SlagA
Saturday 13th October 2007 10:17pm [Edited]
Blackwood
5,335 posts
I go with Matthew and Baumski here.
There's having the same idea independent of someone else, which is nothing to be ashamed of, as long as the artist is aware that they didn't deliberately steal.
Then there's the appalling advice given in an article by a rather well-established writer on a certain broadcaster's website to wannabes like us. It said "Do not hesitate to steal other people's material." This is shocking and disgraceful. That's the kind of writer that shouldn't be sleeping at night but does. What art is there in robbing others? What confidence in his own ability to produce true work inspired that sort of attitude?

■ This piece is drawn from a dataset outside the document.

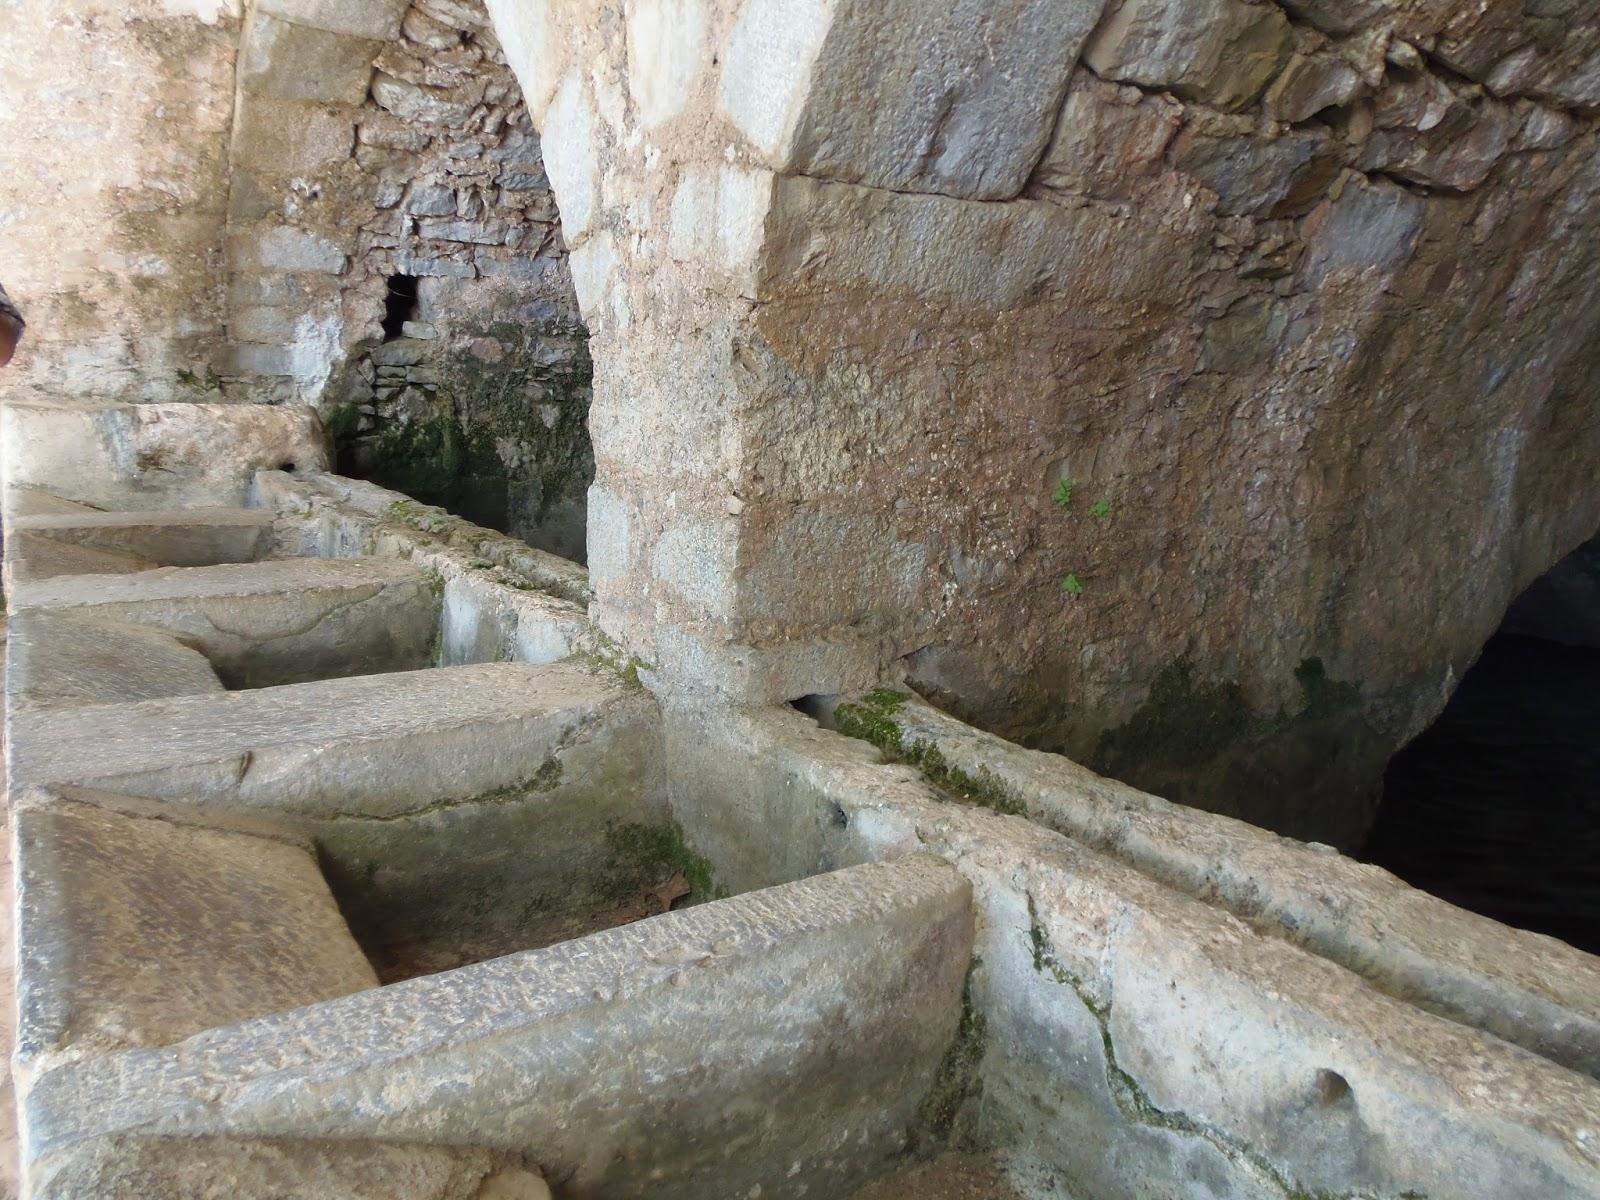 spring water, washing, maids, crete, hersonissos, greece, travel, travel blogger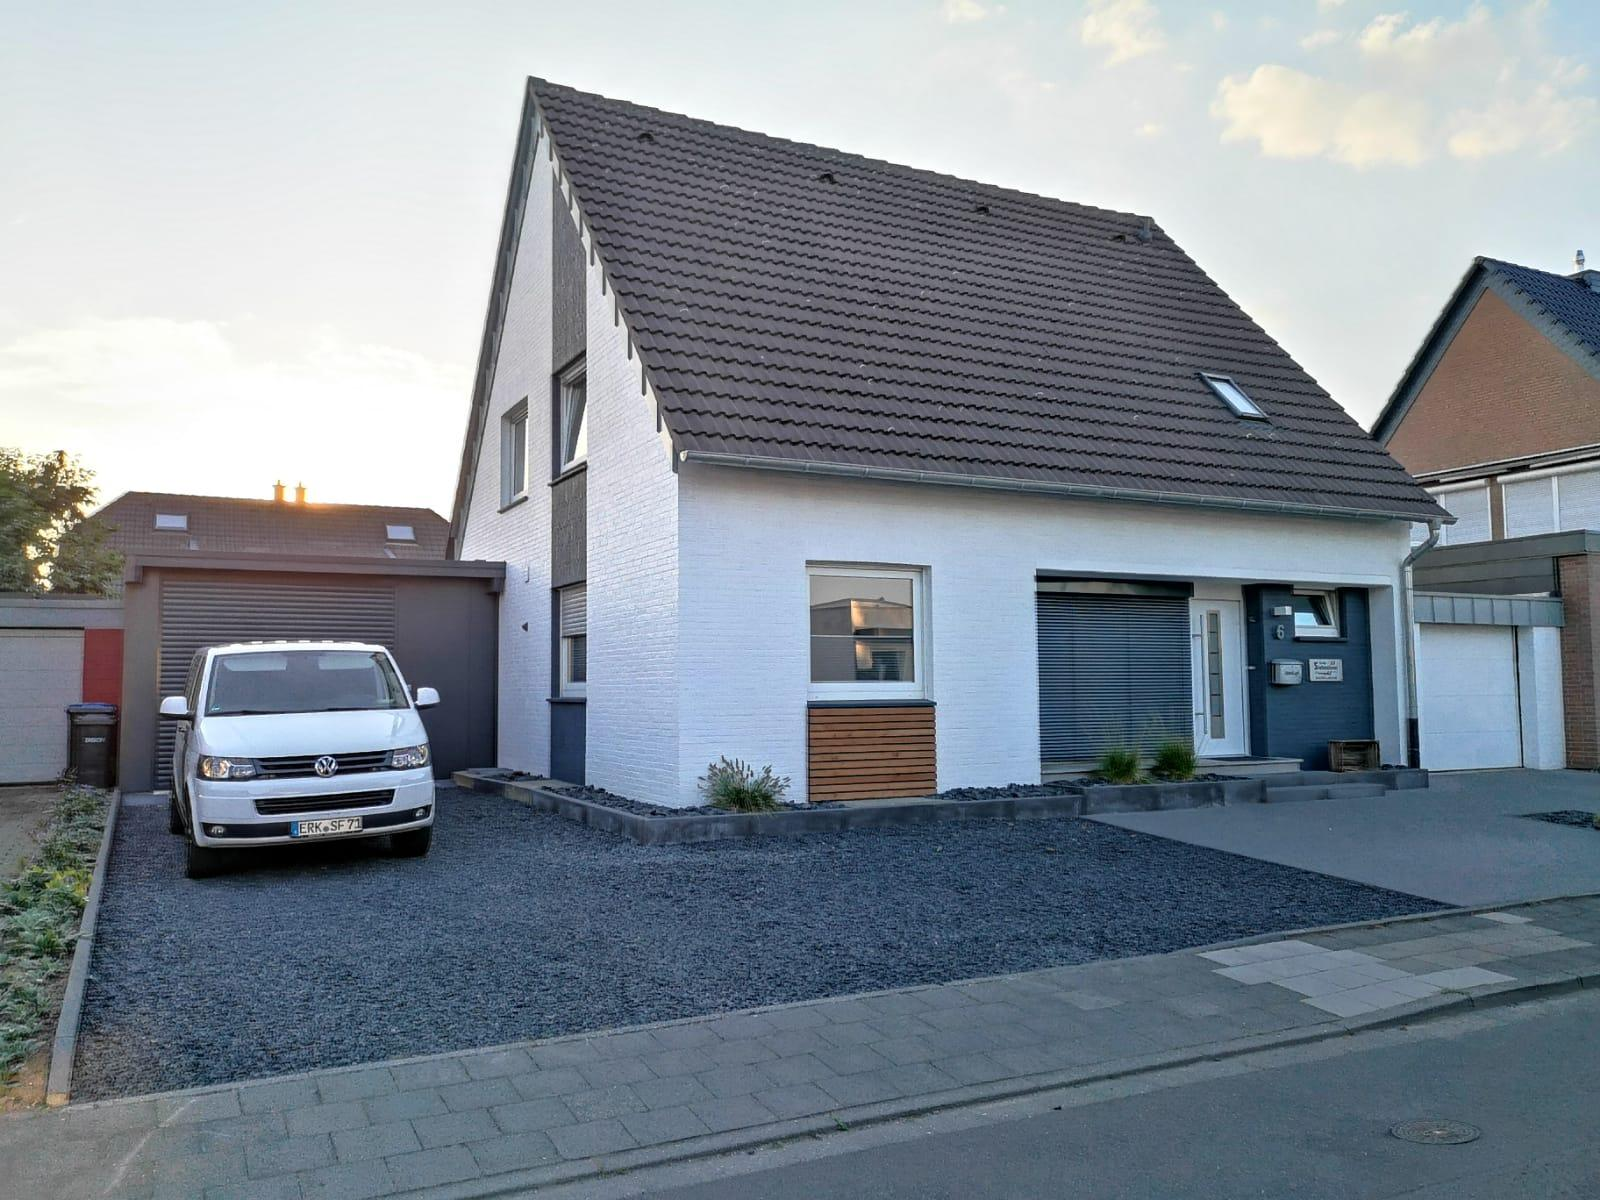 Adresse in Erkelenz

What does it say about the broadcaster that condones this 'advice'?
When I find out an idea's been I've often shelved it and moved on. But I'm tending more to the idea that inevitably everything we do and think is derived upon previous influences, whether conscious or otherwise. We can't escape our past. But as long as we're not skimming off profit from someone else's labour we can keep our integrity.
The point is there is a difference between coincidence and plagiarism. To think that our material is all 100% totally original is self-deception. No thought occurs in isolation from all other thoughts. It's how we put our own stamp on a thought that makes it unique and that's the key component that seperates us from genius.